2. A sand waste firing system according to claim 1, wherein: the waste sand roasting system further comprises a first controller; the sand level control mechanism comprises a first air blower communicated with the air chamber and a level gauge arranged in the closed box, and the first controller is electrically connected with the first air blower and the level gauge.

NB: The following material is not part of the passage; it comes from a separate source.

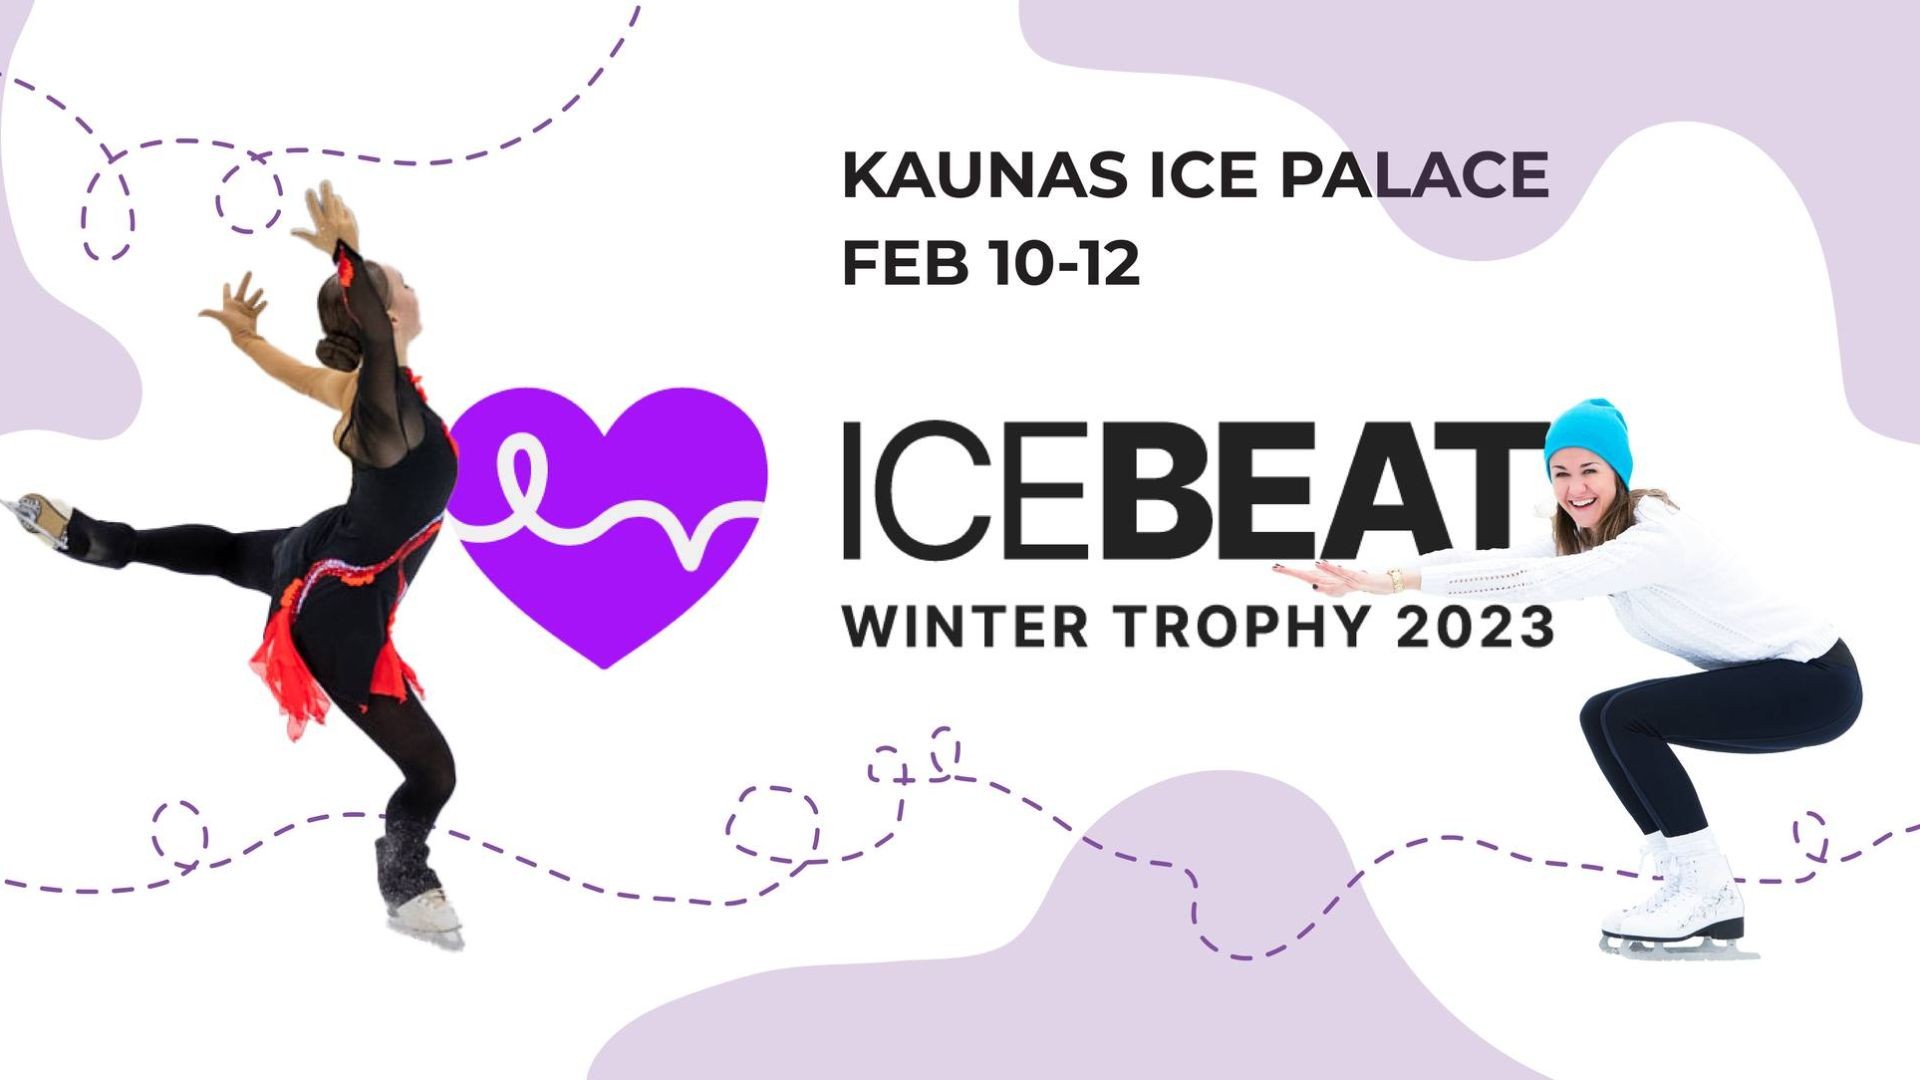 Day 1 | Icebeat Winter Trophy 2023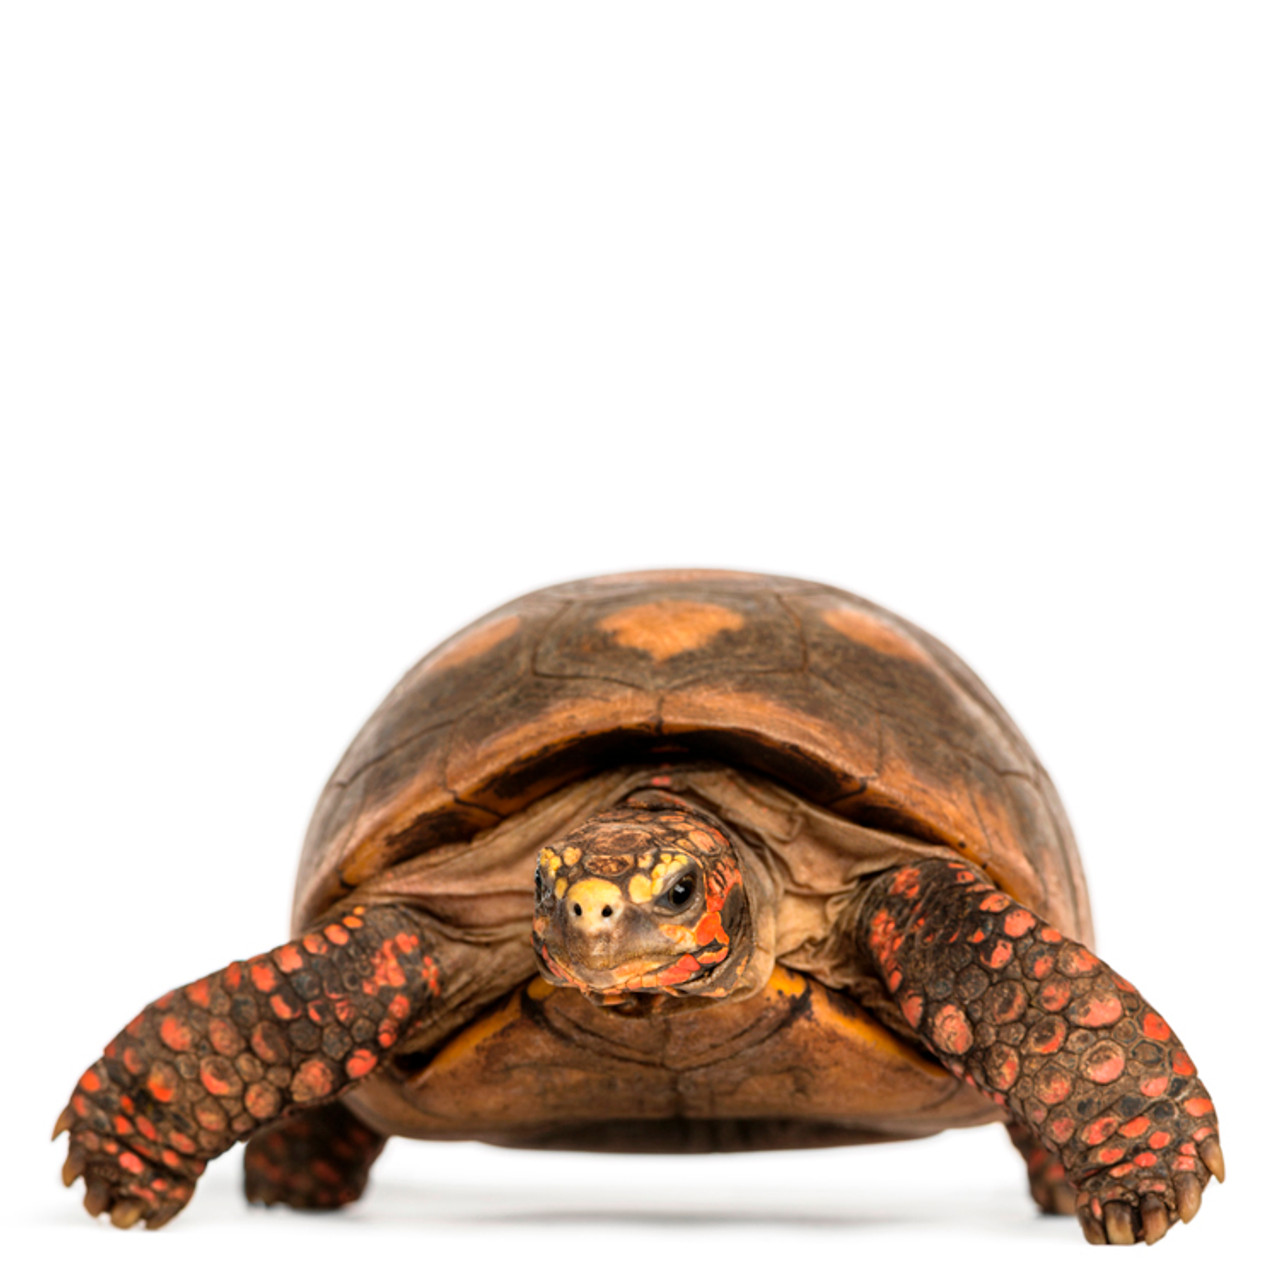 Adult Male Red Footed Tortoise

3. A sand waste firing system according to claim 1, wherein: the waste sand roasting system also comprises a second controller and a second air blower, wherein the second air blower is respectively communicated with the two air chambers through pipelines, one pipeline is provided with a first valve, and the other pipeline is provided with a second valve; the sand level control mechanism is a material level indicator arranged in the closed box, and the second controller is electrically connected with the first valve, the second valve and the material level indicator.

4. A sand waste firing system according to claim 1, wherein: the sand level control mechanism comprises a third controller, a third air blower communicated with the air chamber and a level gauge arranged in the closed box, and the third controller is electrically connected with the third air blower and the level gauge.

5. A spent sand roasting system according to any one of claims 1-4, wherein: the air inlet unit comprises a main pipe, and a plurality of air inlet branch pipes are connected between the main pipe and the bottom of the furnace body.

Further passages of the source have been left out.